TASK REQUIREMENTS - Your task is to output the listing exactly, leaving every image out.

PROVIDED DATA START

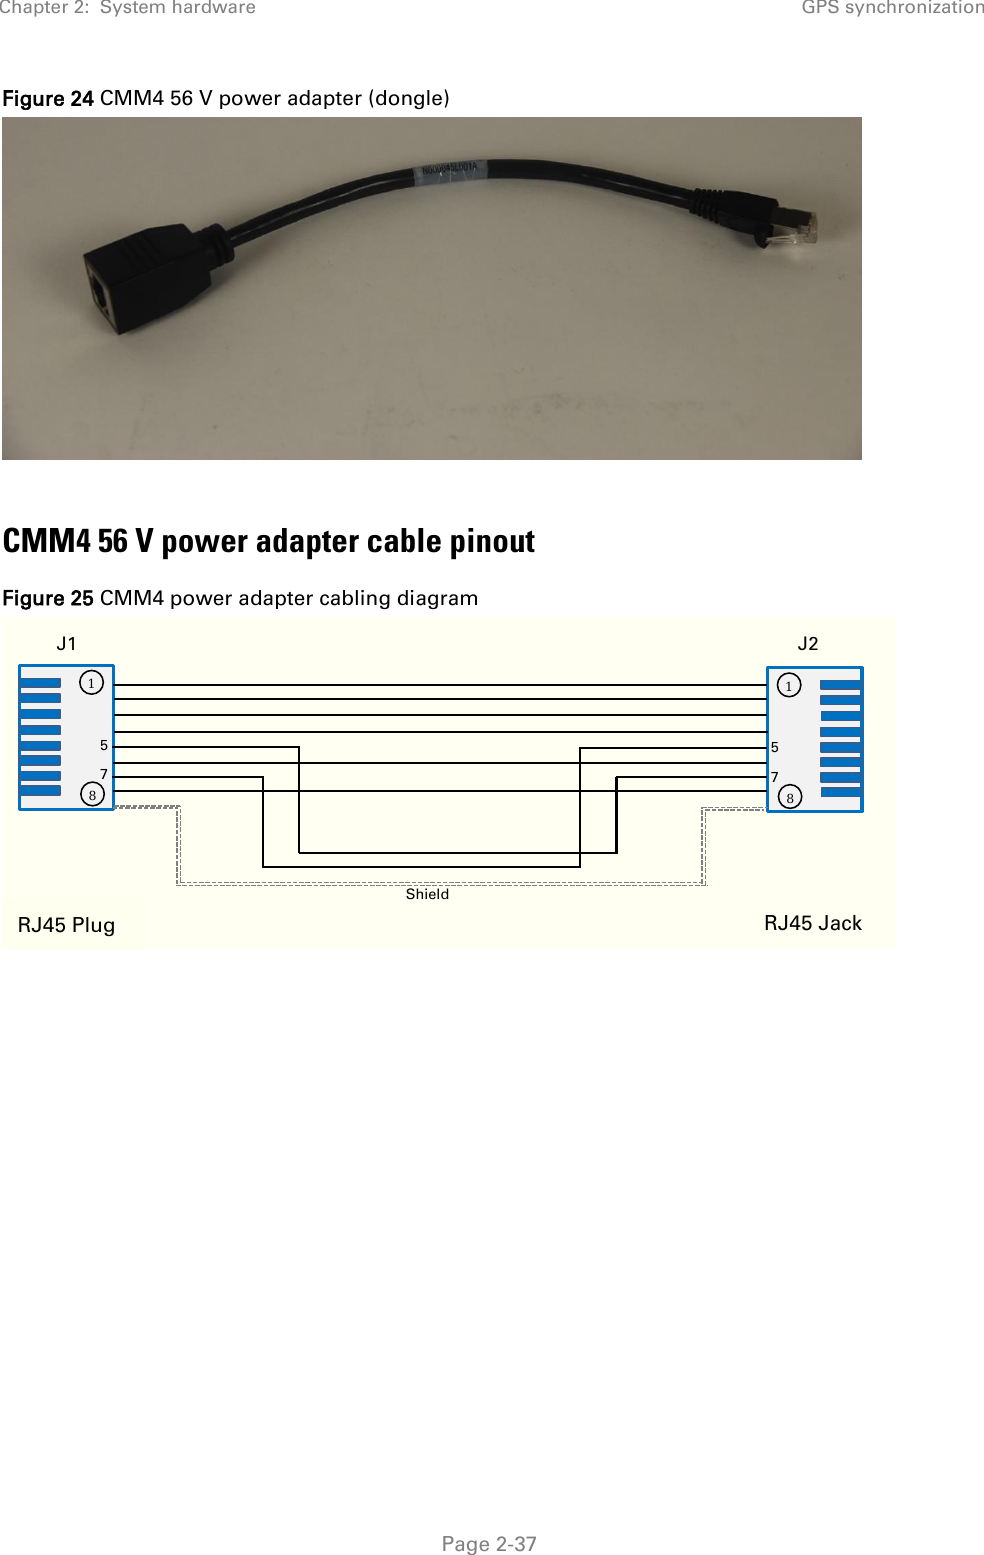 Chapter 2:  System hardware GPS synchronization   Page 2-37 Figure 24 CMM4 56 V power adapter (dongle)   CMM4 56 V power adapter cable pinout Figure 25 CMM4 power adapter cabling diagram   1 8 1 8 J1 J2 RJ45 Plug RJ45 Jack 5 7 5 7 Shield 
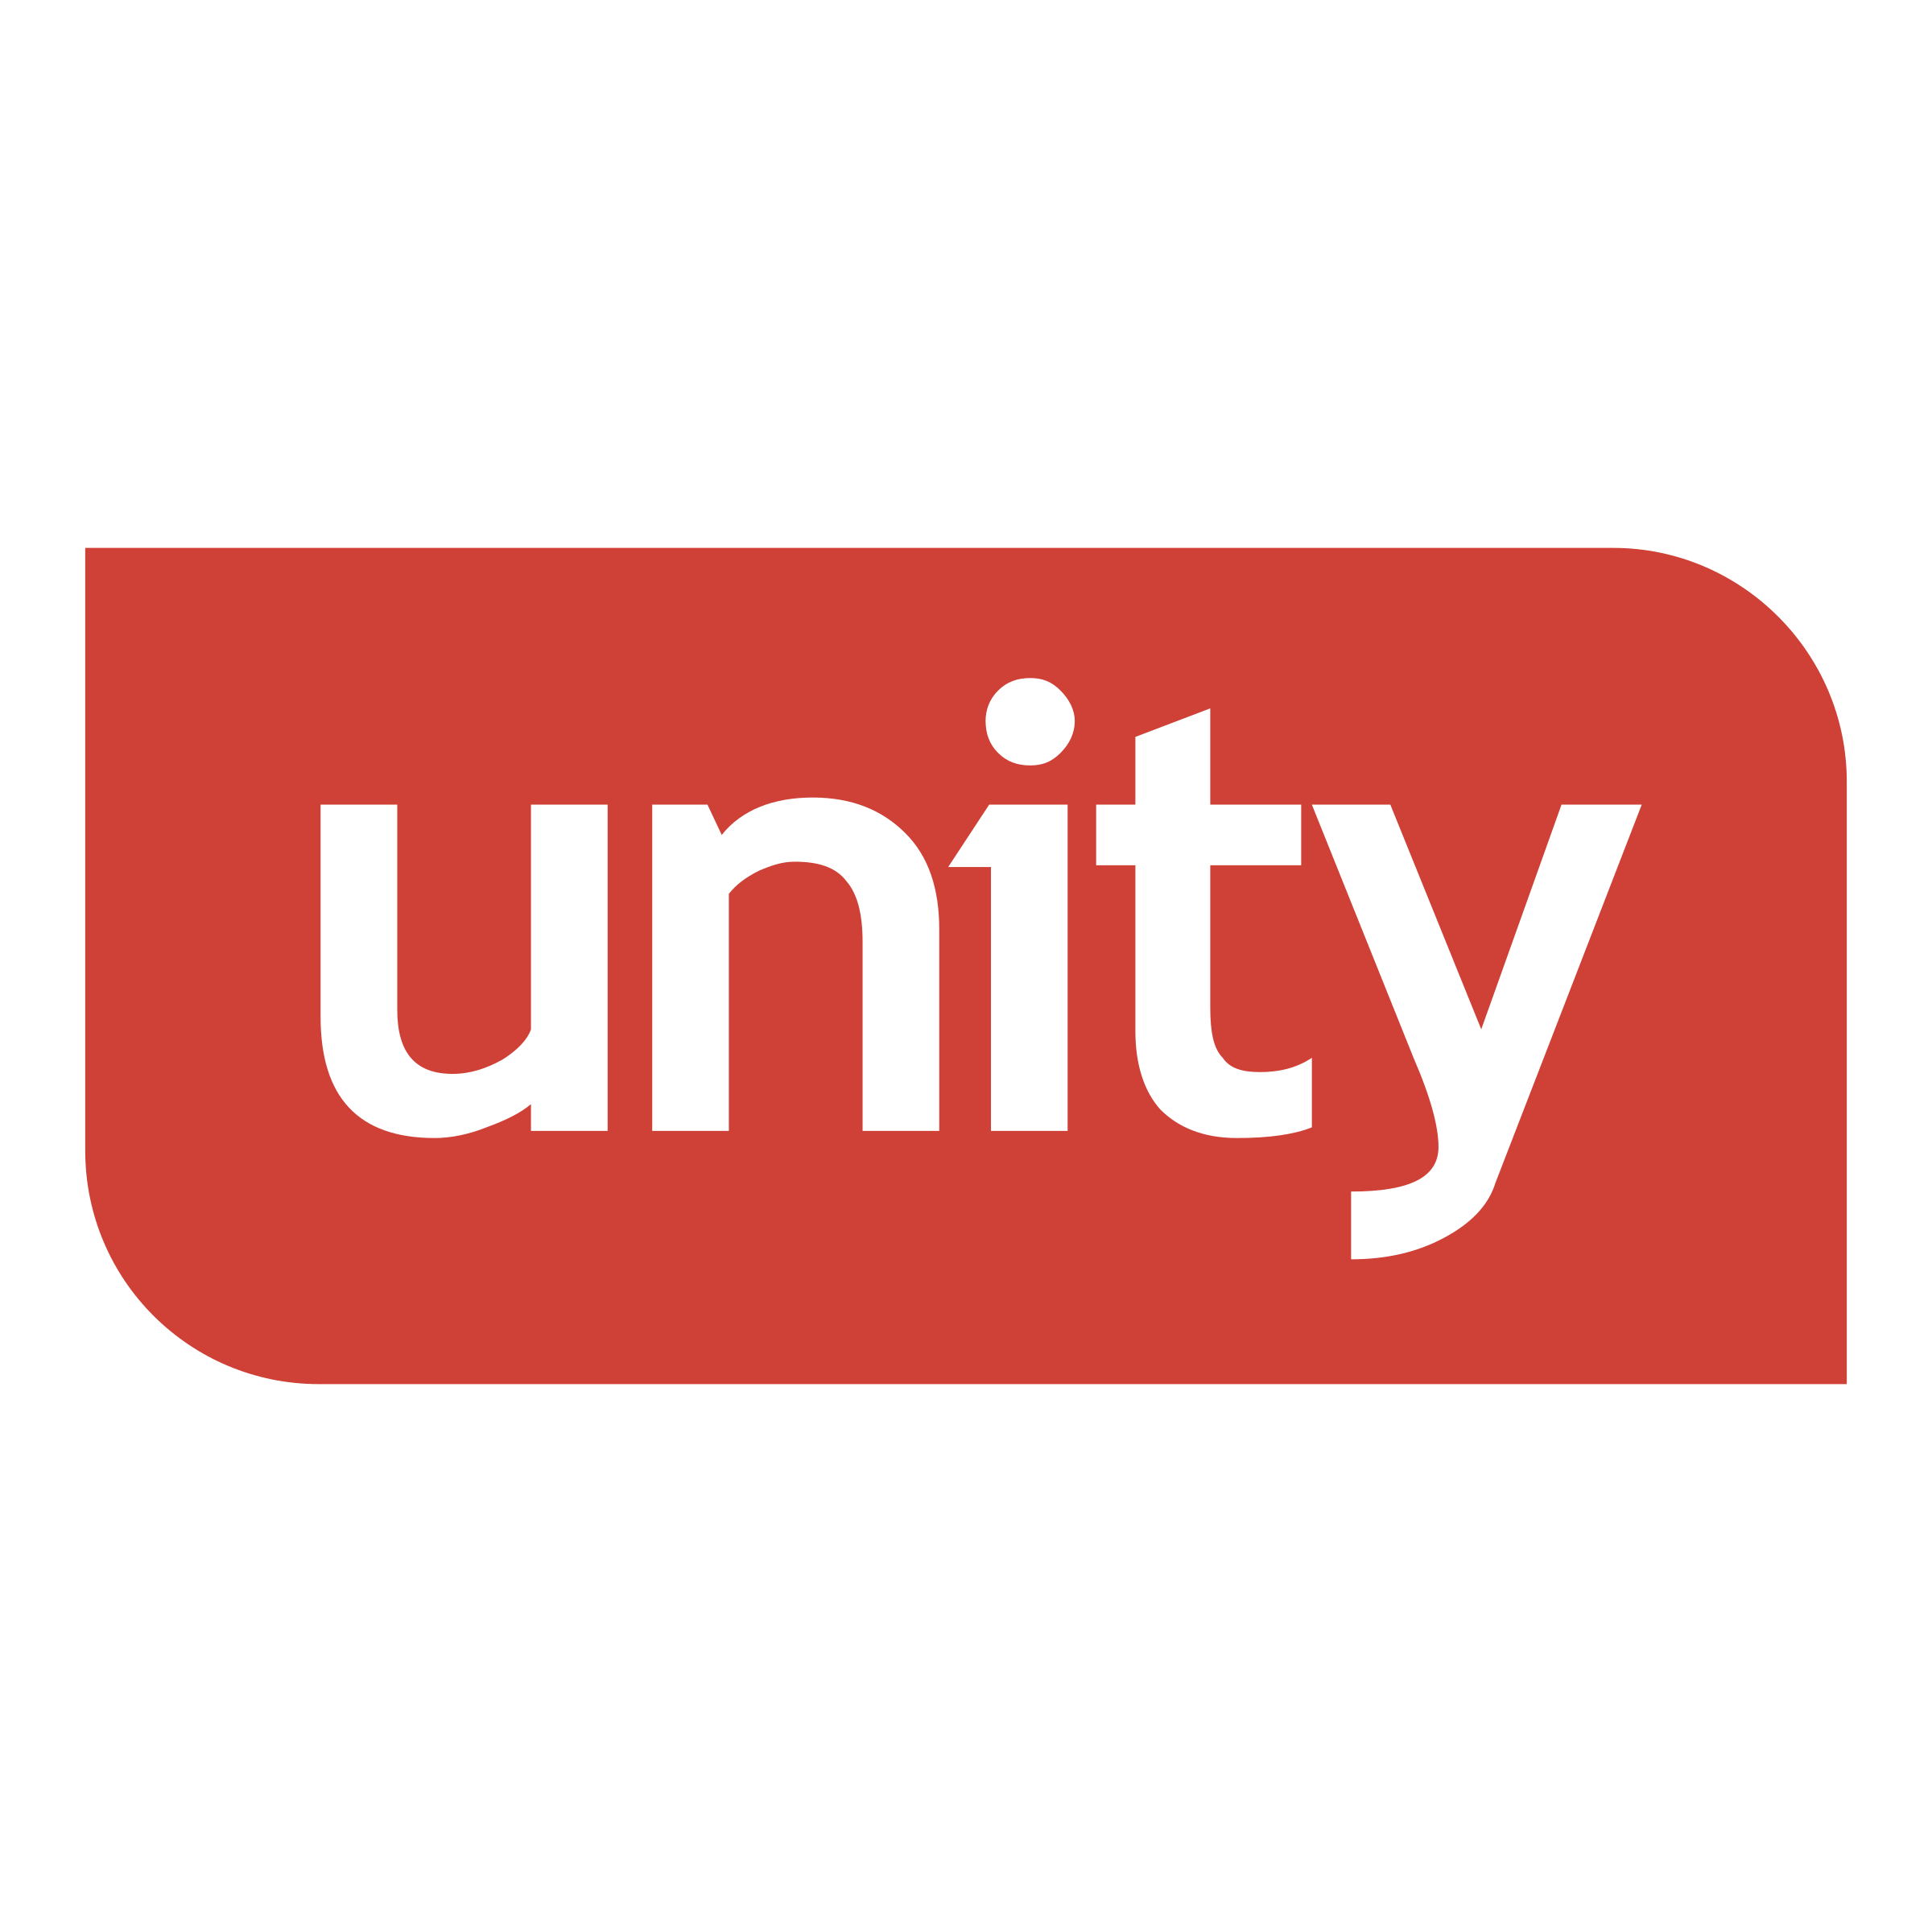 Unity Logo - Unity Logo PNG Transparent & SVG Vector - Freebie Supply
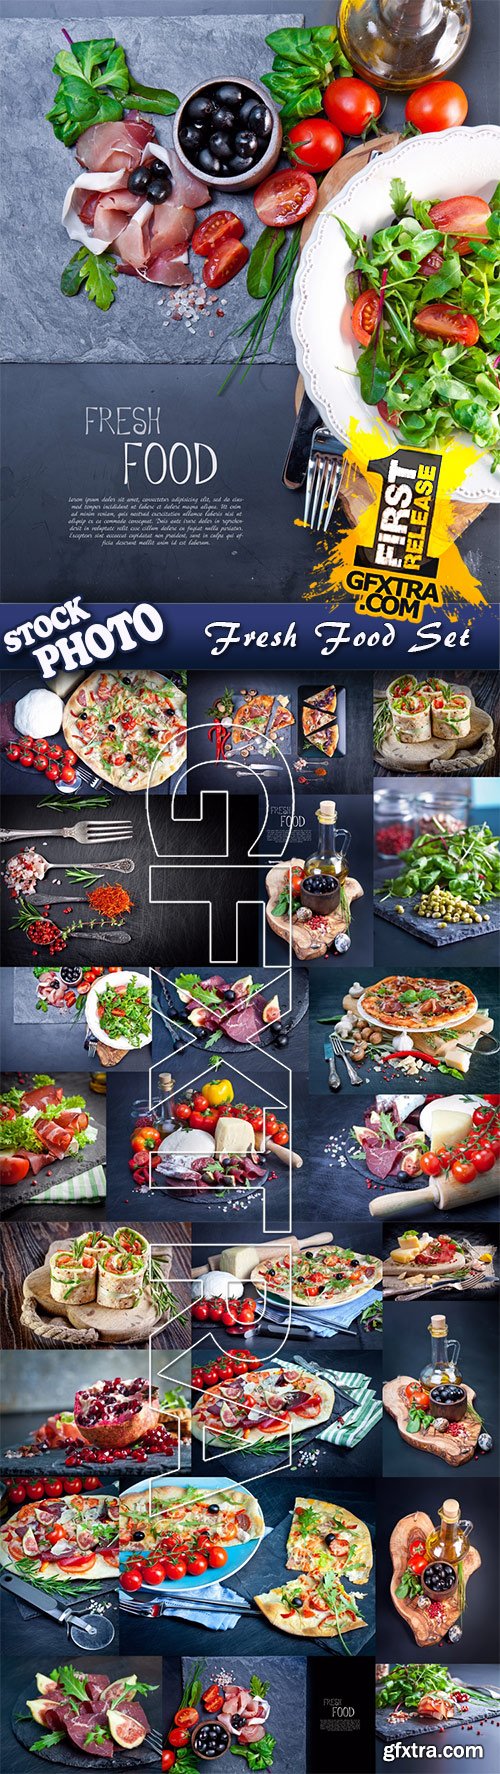 Stock Photo - Fresh Food Set, 25JPG

PROVIDED DATA END

EXERCISE RESULT -
 Chapter 2:  System hardware GPS synchronization   Page 2-37 Figure 24 CMM4 56 V power adapter (dongle)   CMM4 56 V power adapter cable pinout Figure 25 CMM4 power adapter cabling diagram   1 8 1 8 J1 J2 RJ45 Plug RJ45 Jack 5 7 5 7 Shield 
 Unity Logo - Unity Logo PNG Transparent & SVG Vector - Freebie Supply
 Stock Photo - Fresh Food Set, 25JPG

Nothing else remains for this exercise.